▶ What is being asked: Reproduce the listing below in full and without alteration, apart from its pictures.

▶ Supplied data:
• • • •

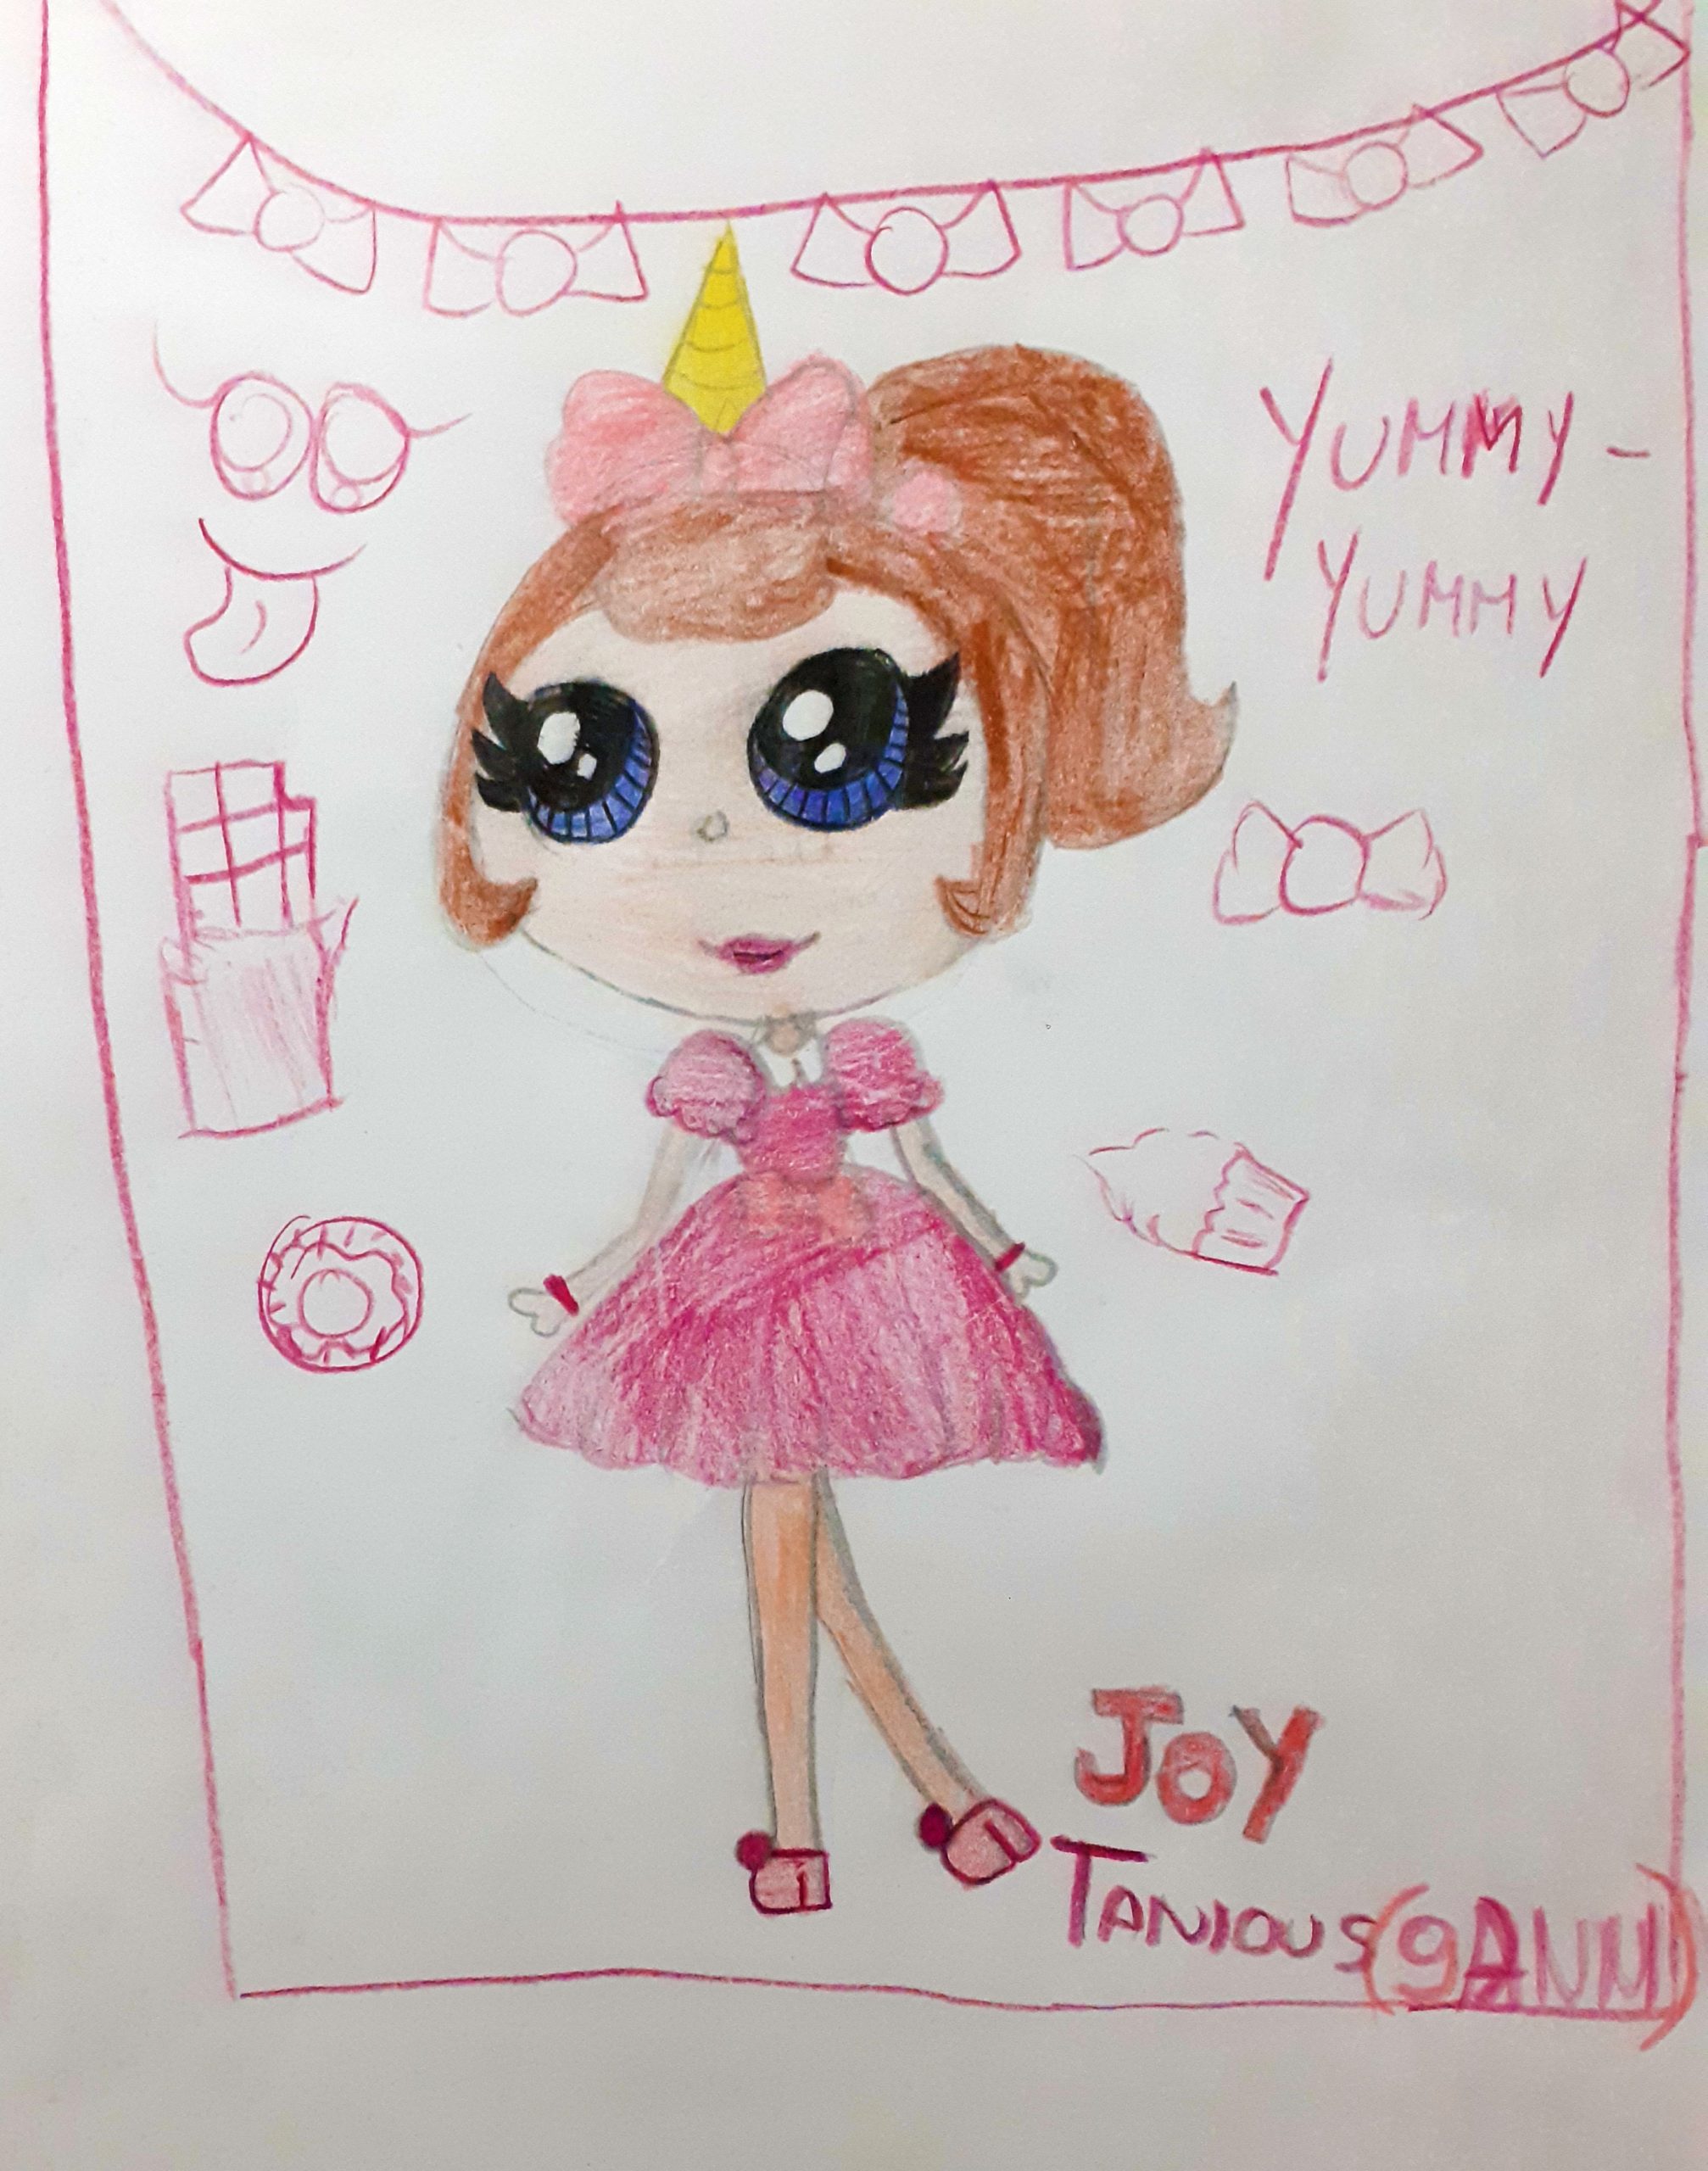 Questo disegno lo ha fatto Joy (9 anni)
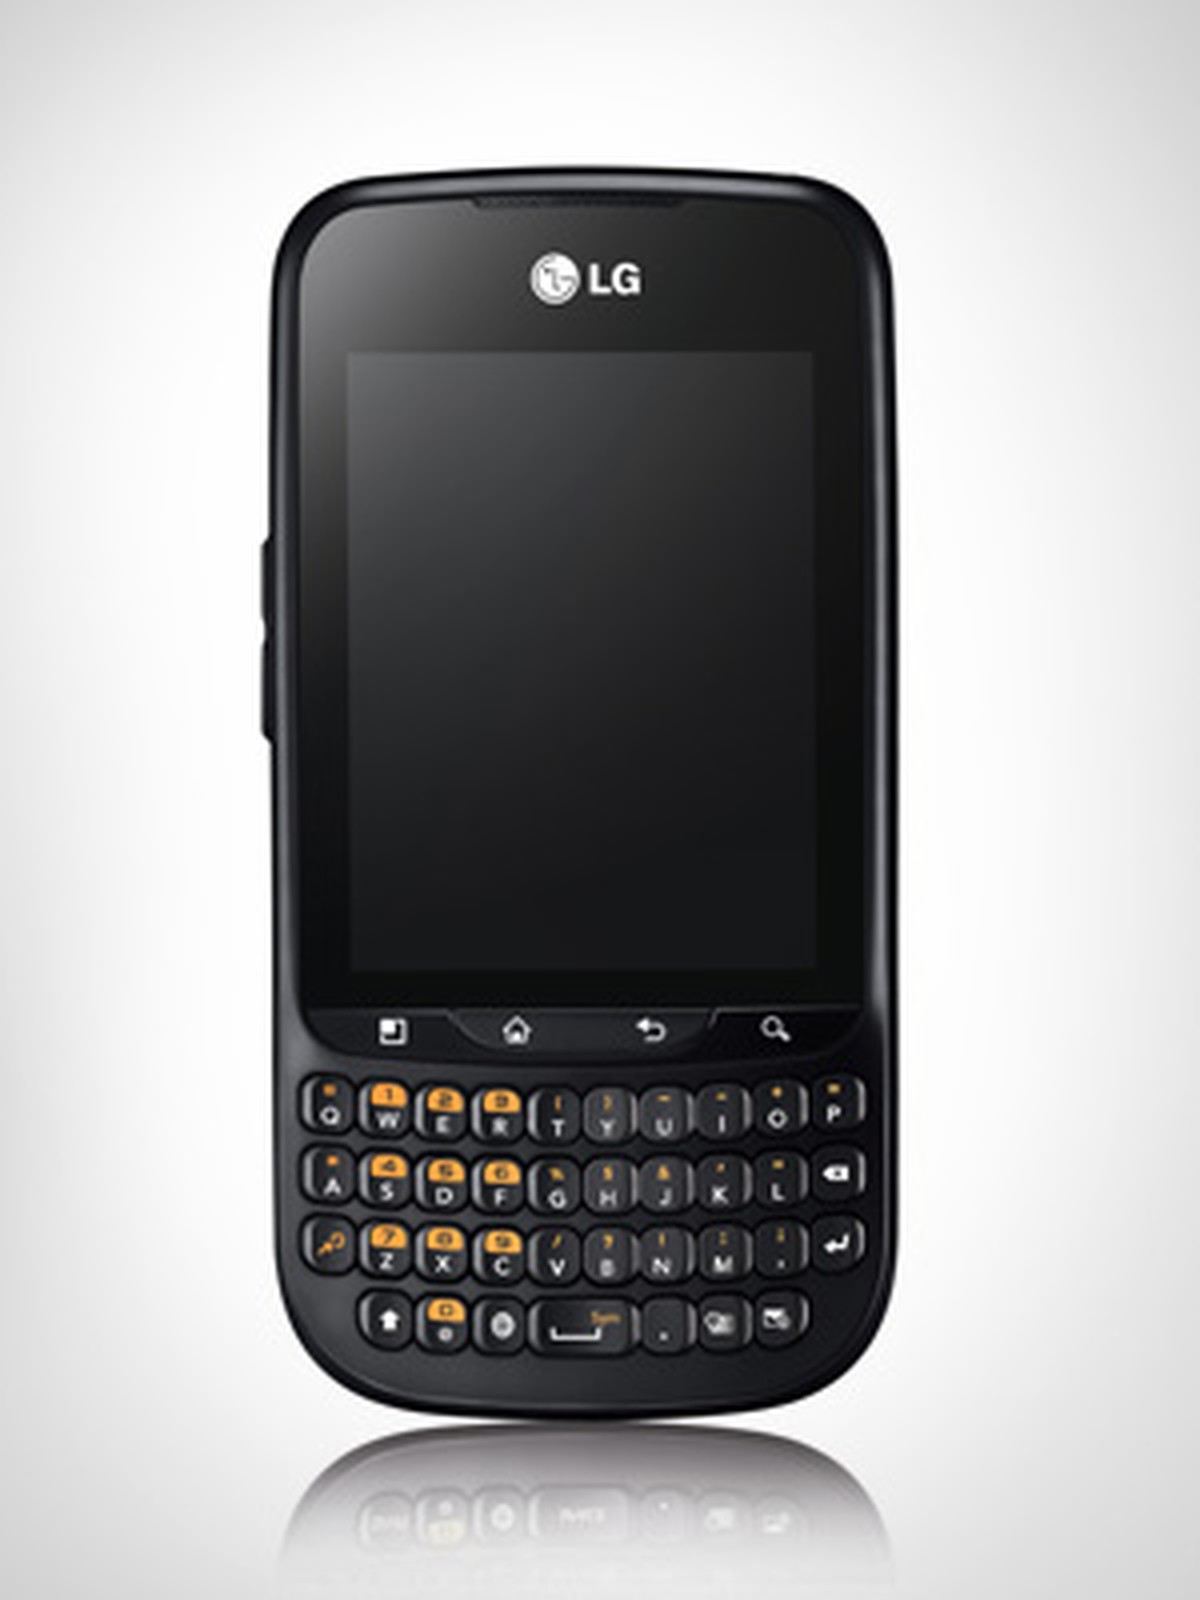 Смартфон LG Optimus Pro c660. LG С кверти клавиатурой. Кнопочный смартфон на андроиде. Смартфон с кнопочной клавиатурой и сенсорным. Кнопочный без андроид
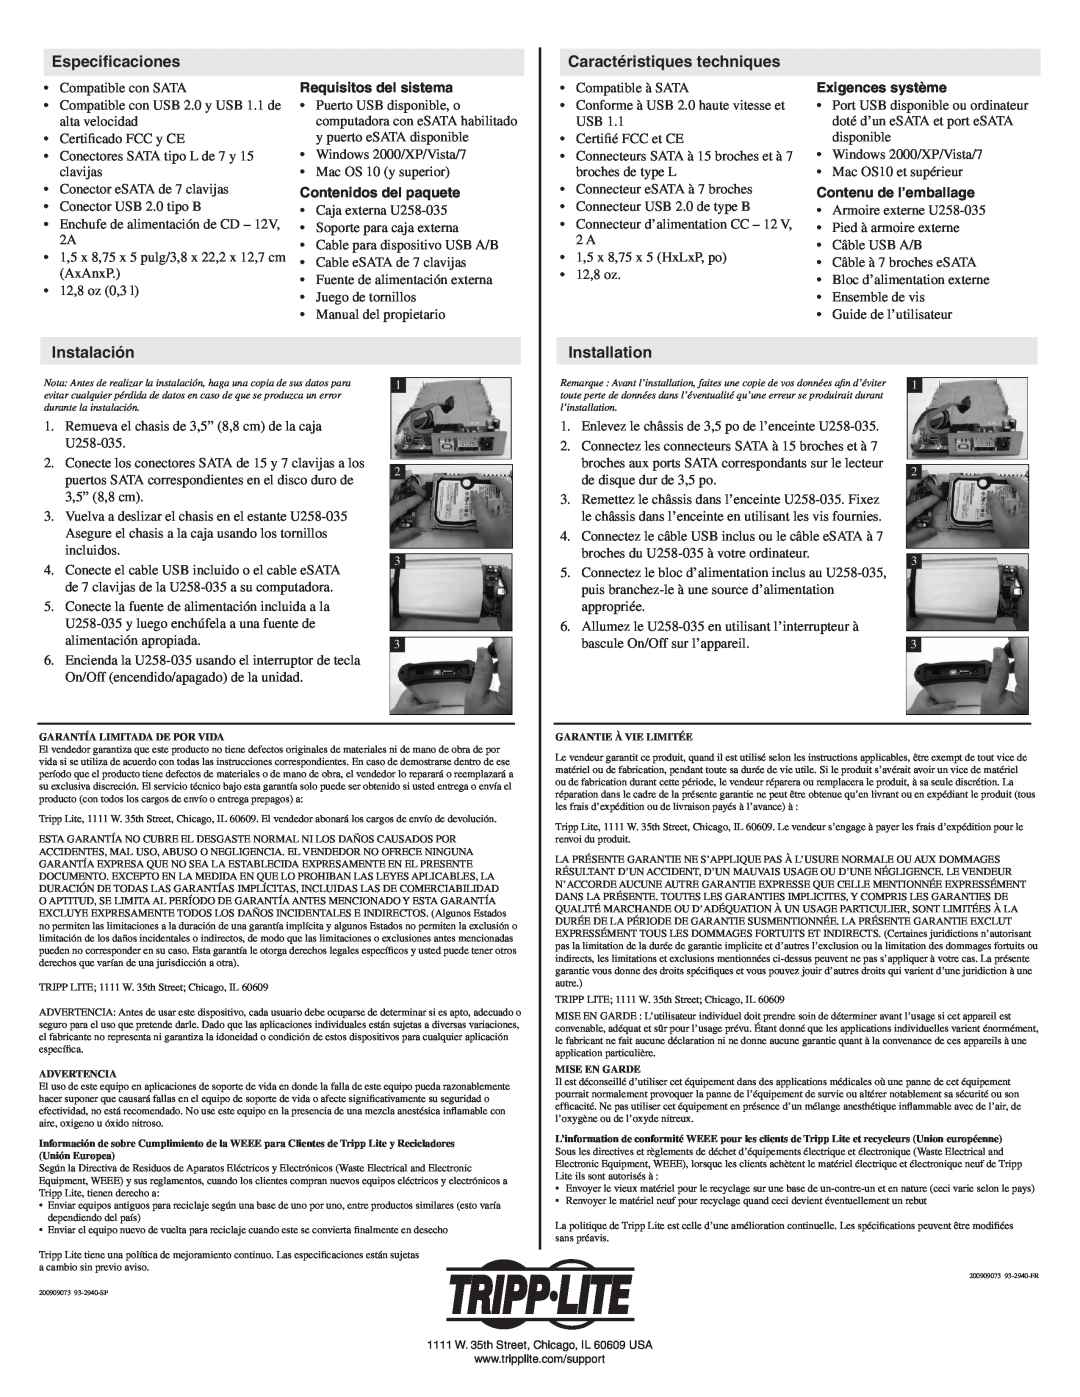 Tripp Lite U258-035 Especificaciones, Caractéristiques techniques, Instalación, Requisitos del sistema, Exigences système

• • • •

▶ Output of the exercise:
 Questo disegno lo ha fatto Joy (9 anni)
 Смартфон LG Optimus Pro c660. LG С кверти клавиатурой. Кнопочный смартфон на андроиде. Смартфон с кнопочной клавиатурой и сенсорным. Кнопочный без андроид
 Tripp Lite U258-035 Especificaciones, Caractéristiques techniques, Instalación, Requisitos del sistema, Exigences système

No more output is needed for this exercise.